By Amalasuntha

Victory Thomas Martin-St Clair?  Now there’s a name to conjure with.  I mean, you’ve got a head start right there.  Worry not, magic is in your blood, this is merely a formality.  They do like their little formalities you know.  Of the Manhattan St Clairs?  Really?  Well that makes this even easier.  Would Constance St Clair be your mother?  Your aunt, oh yes, that makes sense, remember me to her when you next see her.  And you turned 15 when?  Last week?  Congratulations young master.  Ready to begin your spell disciplines I expect?  I’m sure this has been explained to you many times over the past year, but I should think that you’ve forgotten in all the excitement.  My title is Brand and I’m here to guide you through today.  We only have a few minutes before it’s your turn.  Any questions?  Good.  You’ll walk out of here, down the central aisle when they call your name.  Walk briskly but don’t run, we have a lot of candidates to get through but rushing is unseemly.  Wait at the foot of the steps for the steward to announce you, walk to the top, cut your palm, not deep mind, say your oath and make sure your blood goes in the water.  Most kneel and put their hand in just to be sure.  You may feel a prickling or itching for a moment, it’ll be uncomfortable not painful and you only need to hold for a second or two.  Afterwards they’ll applaud and the stewards will direct you back down the side aisle.  Lets just straighten your jacket, listen you can hear the applause from the last candidate.  Quickly now, before it dies.  Ready?  Off you go.

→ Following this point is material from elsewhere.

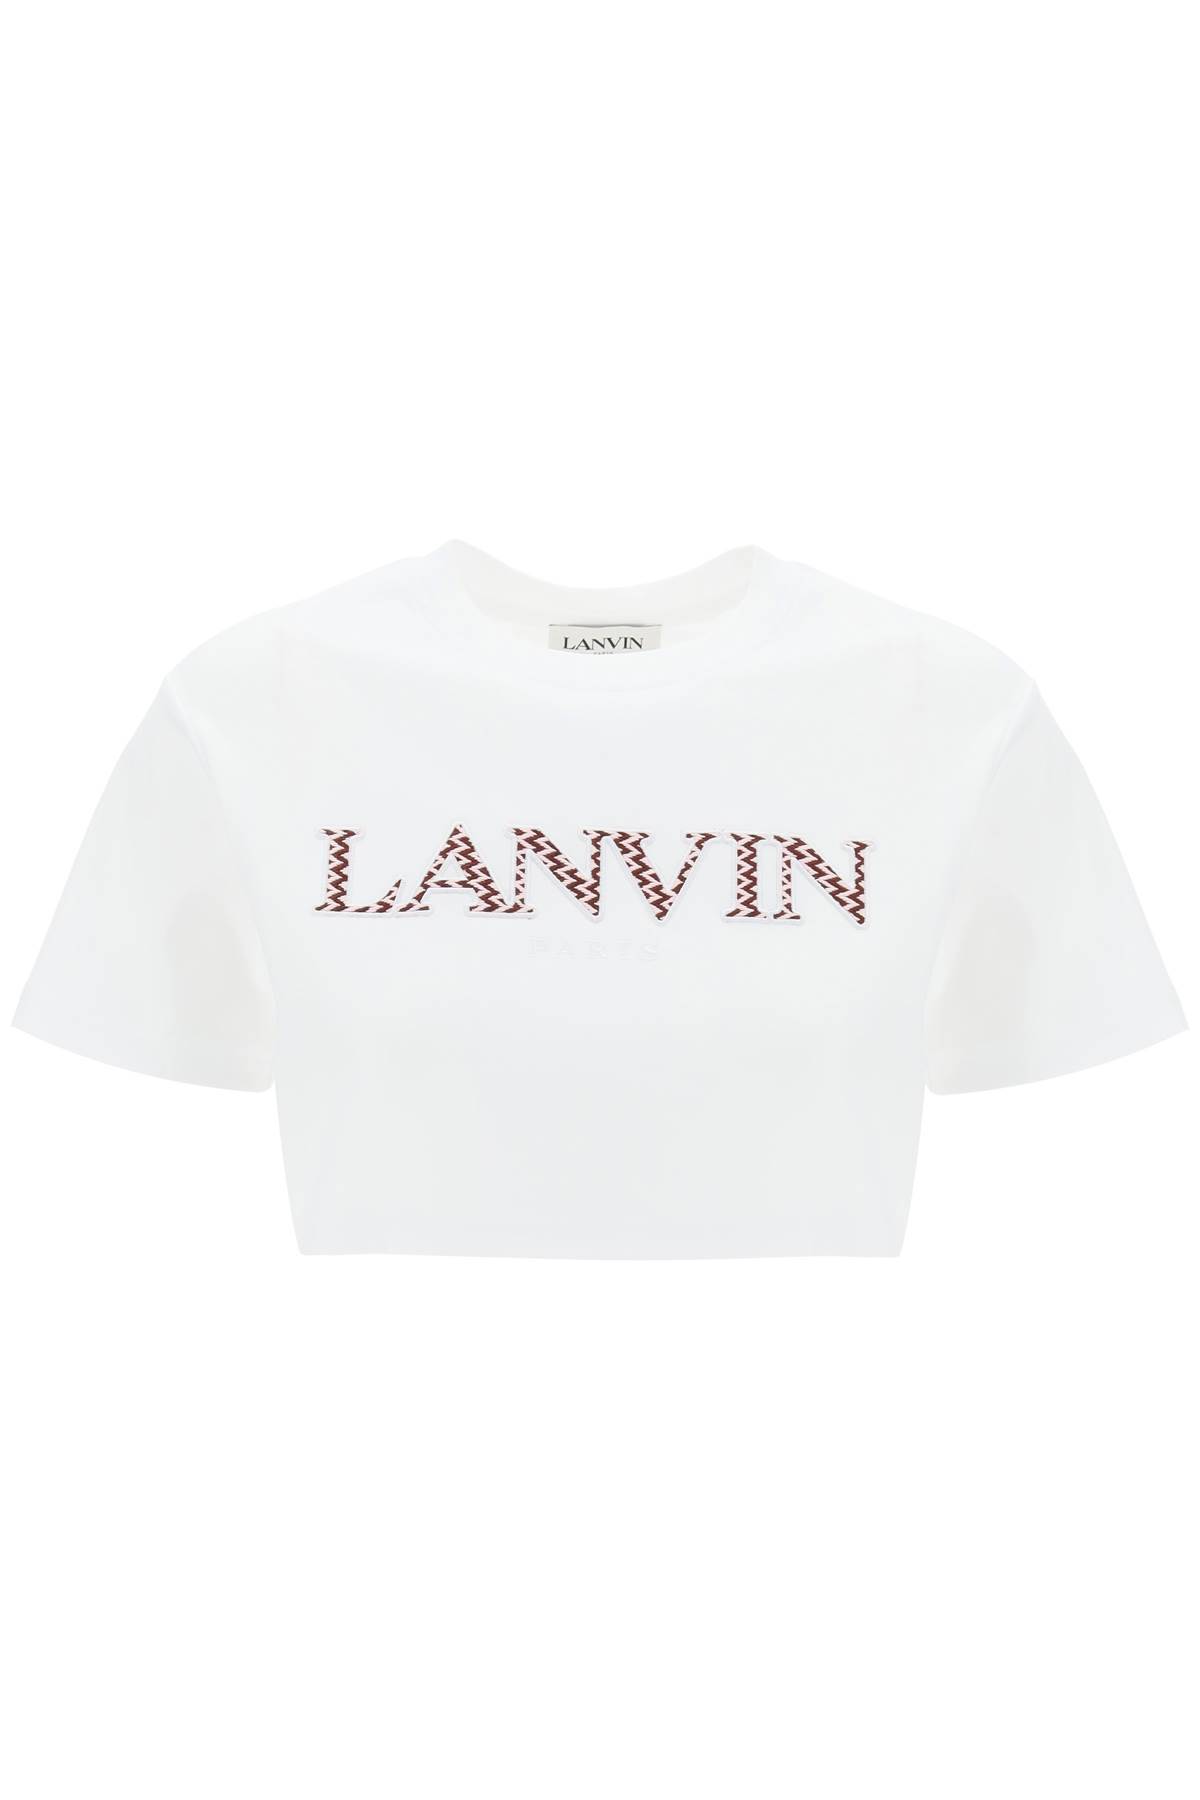 Lanvin LANVIN curb logo cropped t-shirt

Patience Margaret Marvalo?  My title is Brand and I’m here to guide you through today…


I glance down at the list before looking back down the central aisle.  Wonder if I’m actually going to get a proper break today.  The audience is already getting restless too, they’re starting to shuffle and cough quietly.  Still, they’re all here to see someone.  By the looks, figure I’ll win by bet that we’ll get our first sneakers out around ‘P’.  I glance over at Melanie, she’s already lost her bet of ‘L’ and is looking none too pleased.  The next young lad coming towards us is looking nervous, I can see the tension in his shoulders and clenched jaw.  They’re all nervous and rightly so, but some show it more that others. He stops, uncertainly by me and I wink at him before announcing “Victory Martin-St Clair”, my voice is already cracking and we’re only half way through ‘M’.  He waits for a moment then purposefully strides up the shallow stairs to the edge of the Wellhead.  he pauses, looking down.  It’s an unnerving sight when you first see it, I’ll admit.  Come on boy, that’s enough: blood and oath, the rest of these candidates through and then I can go for a break.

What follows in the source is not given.